Pentavalent iridium pyrochlore Cd2Ir2O7 : A prototype material system for competing crystalline field and spin-orbit coupling

Abstract

A new pyrochlore oxide $\mathrm{C}{\mathrm{d}}_{2}\mathrm{I}{\mathrm{r}}_{2}{\mathrm{O}}_{7}$ with an $\mathrm{I}{\mathrm{r}}^{5+}$ charge state was prepared by high-pressure techniques. Although strong spin-orbit coupling (SOC) dominates the electronic states in most iridates so that a SOC-Mott state is proposed in $\mathrm{S}{\mathrm{r}}_{2}\mathrm{Ir}{\mathrm{O}}_{4}$ in the assumption of an undistorted $\mathrm{Ir}{\mathrm{O}}_{6}$ octahedral crystalline field, the strongly distorted one in the current $\mathrm{C}{\mathrm{d}}_{2}\mathrm{I}{\mathrm{r}}_{2}{\mathrm{O}}_{7}$ exhibits a competing interaction with the SOC. Unexpected from a strong SOC limit, $\mathrm{C}{\mathrm{d}}_{2}\mathrm{I}{\mathrm{r}}_{2}{\mathrm{O}}_{7}$ deviates from a nonmagnetic and insulating $J=0$ ground state.

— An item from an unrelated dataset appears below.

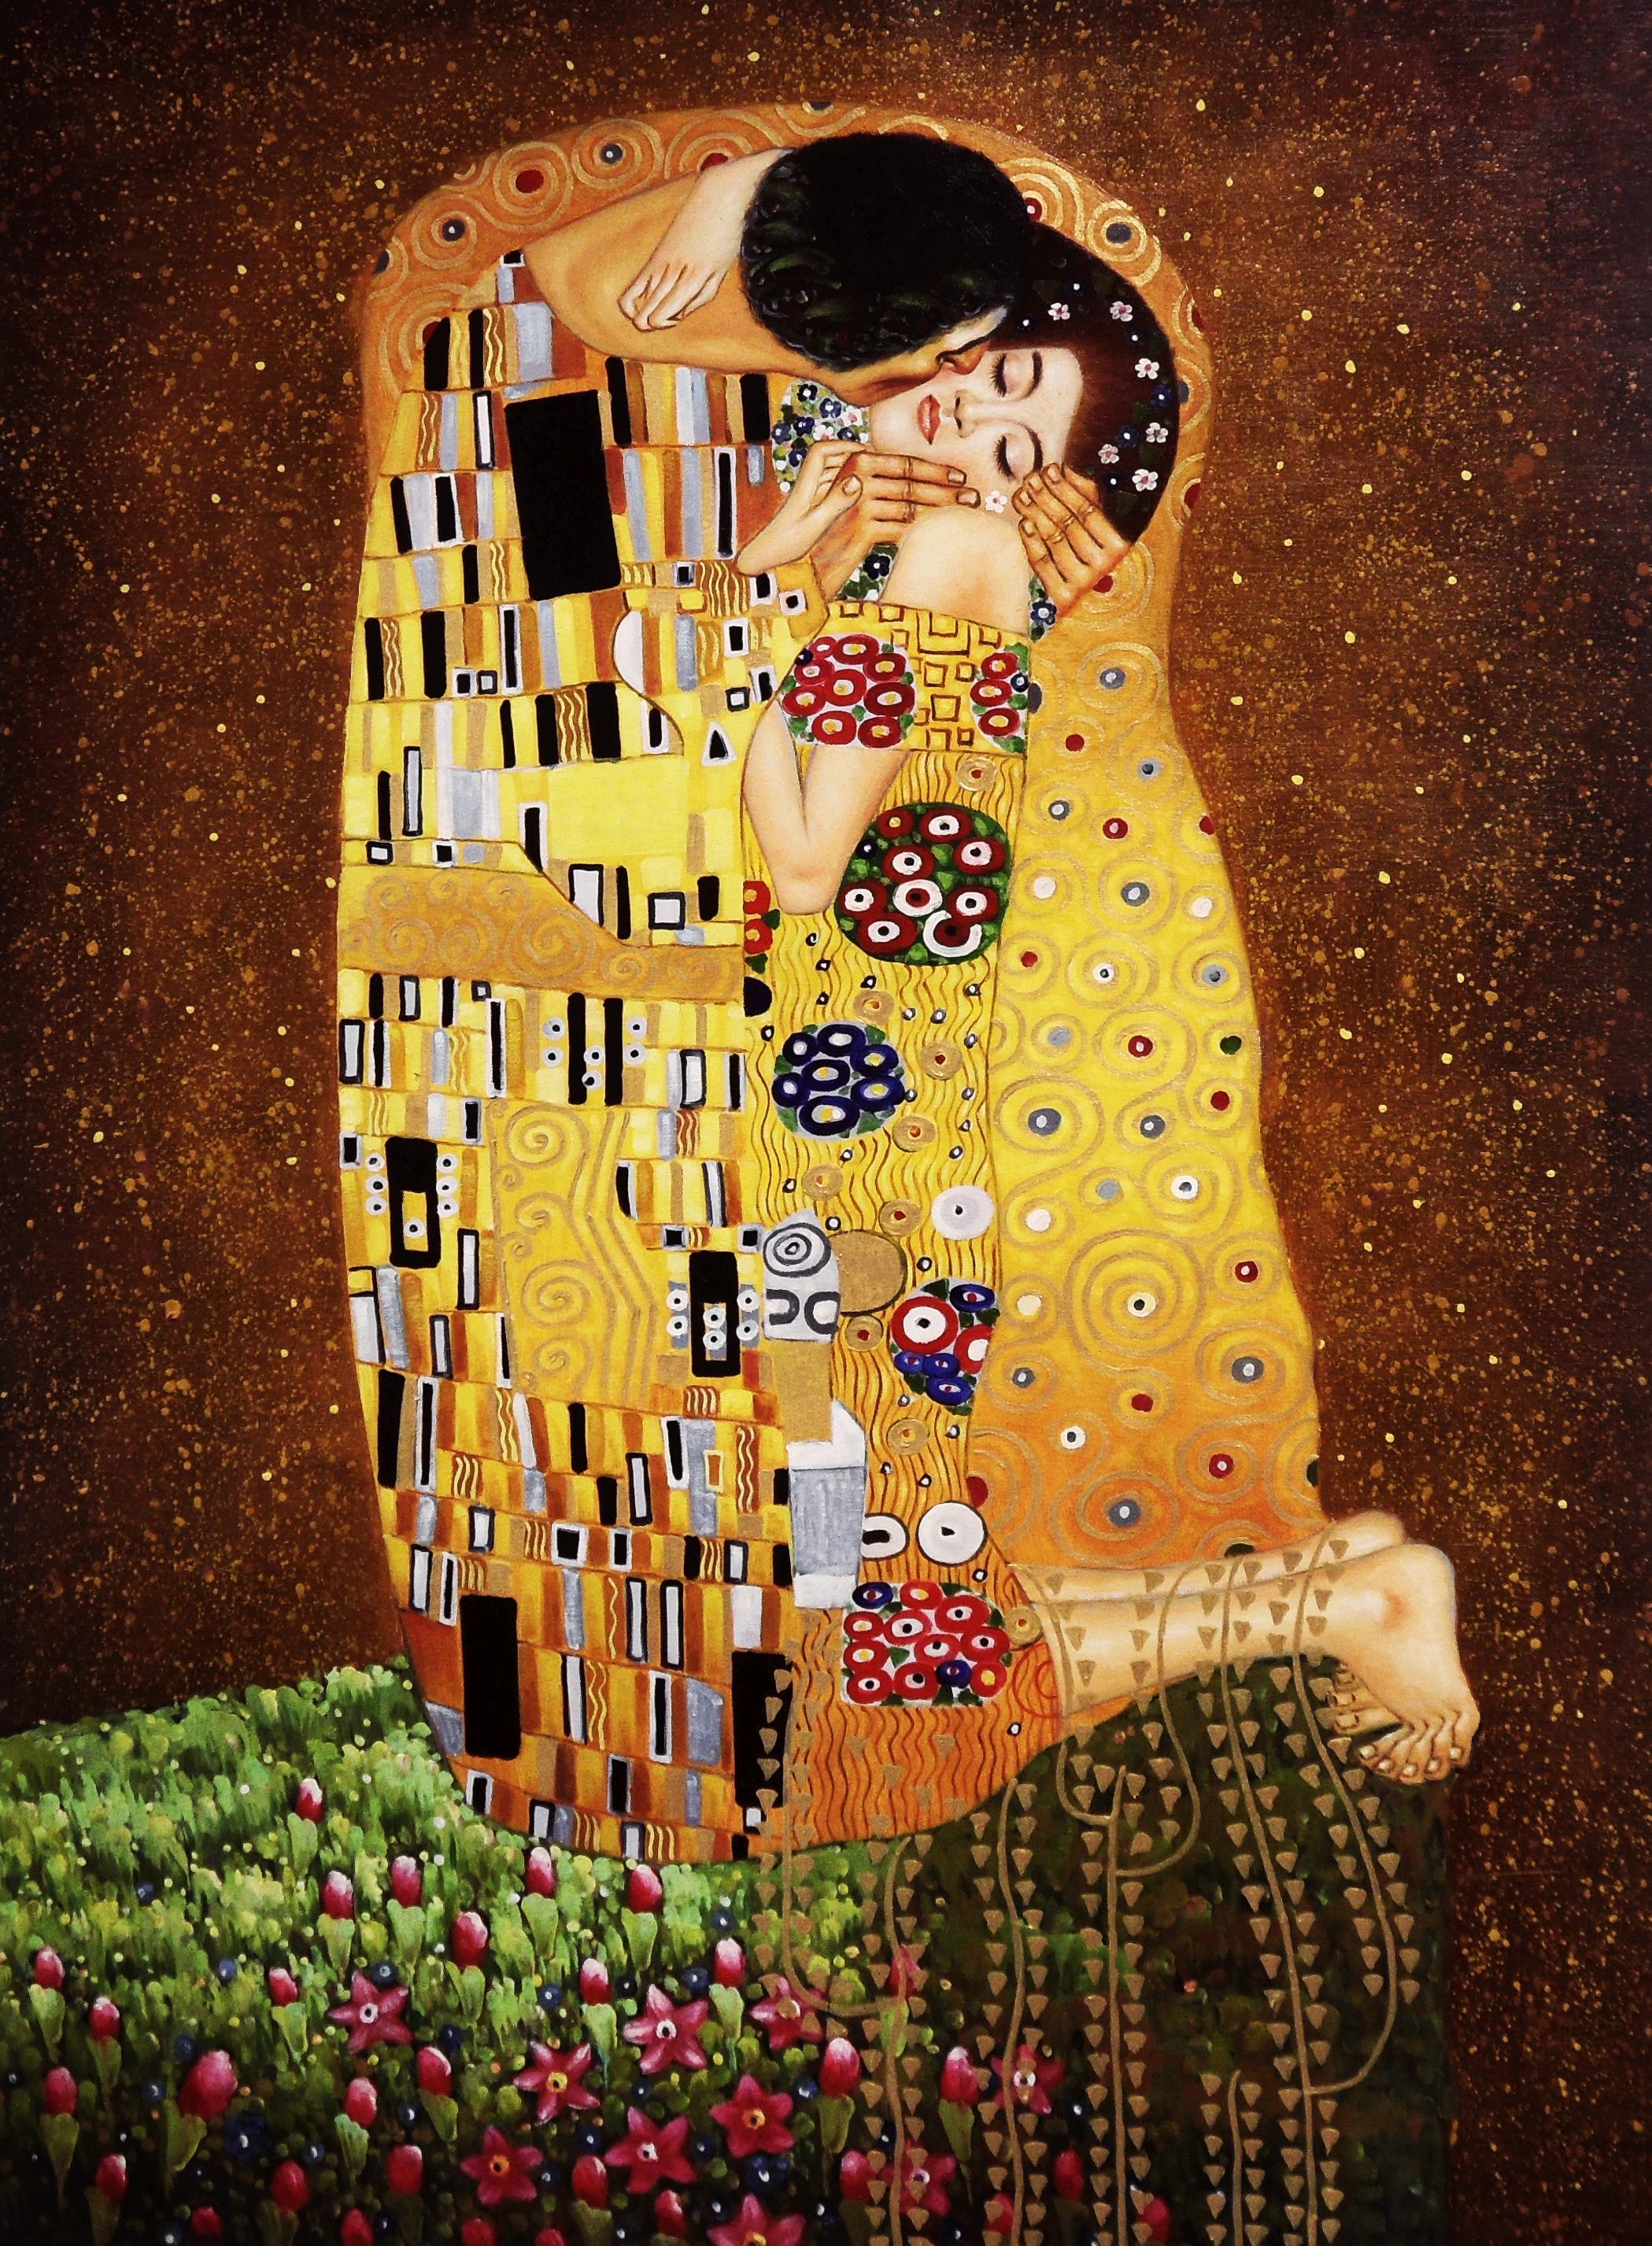 Gustav Klimt - Der Kuss k95375 90x120cm Jugendstil Ölgemälde handgemalt
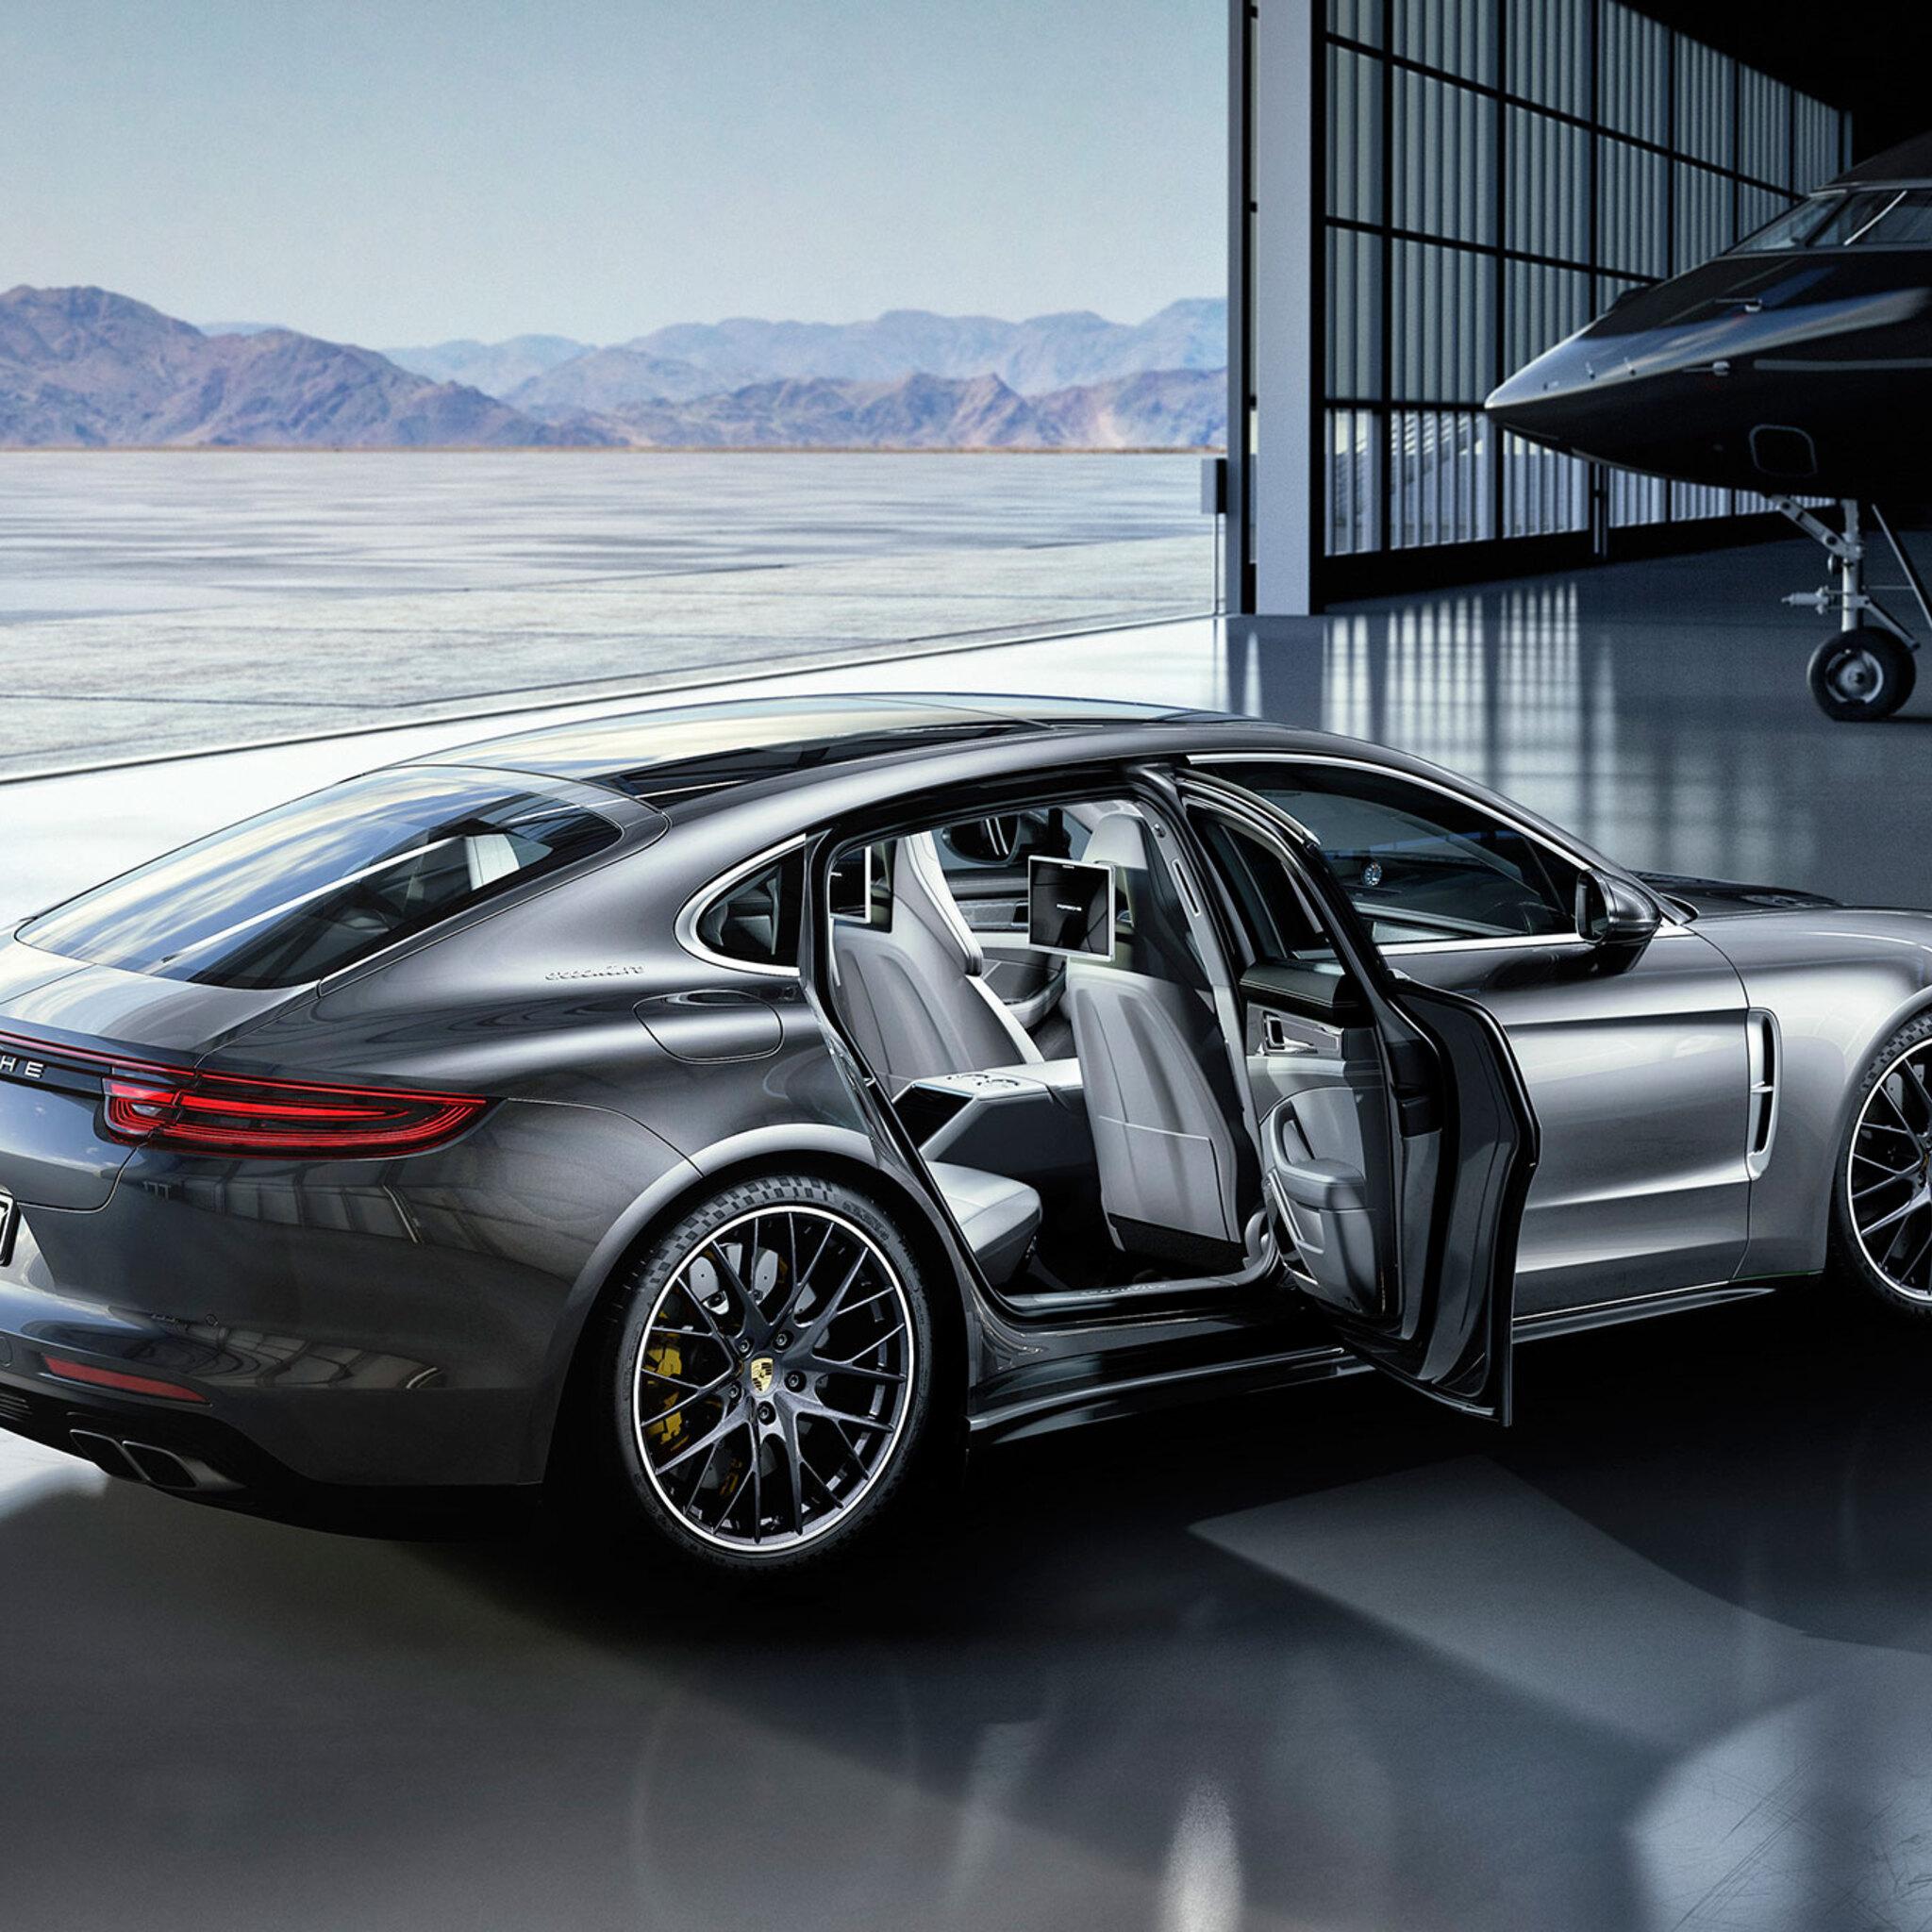 Porsche Car Wallpaper: 2048x2048 2017 Porsche Panamera Turbo Ipad Air HD 4k

It displays short-range ferromagnetic correlations and metallic electrical transport properties. First-principles calculations well reproduce the experimental observation, revealing the large mixture between the ${j}_{\mathrm{eff}}=1/2$ and ${j}_{\mathrm{eff}}=3/2$ bands near the Fermi surface due to the significant distortion of $\mathrm{Ir}{\mathrm{O}}_{6}$ octahedra. This work sheds light on the critical role of a noncubic crystalline field in electronic properties which has been ignored in past studies of $5d$-electron systems.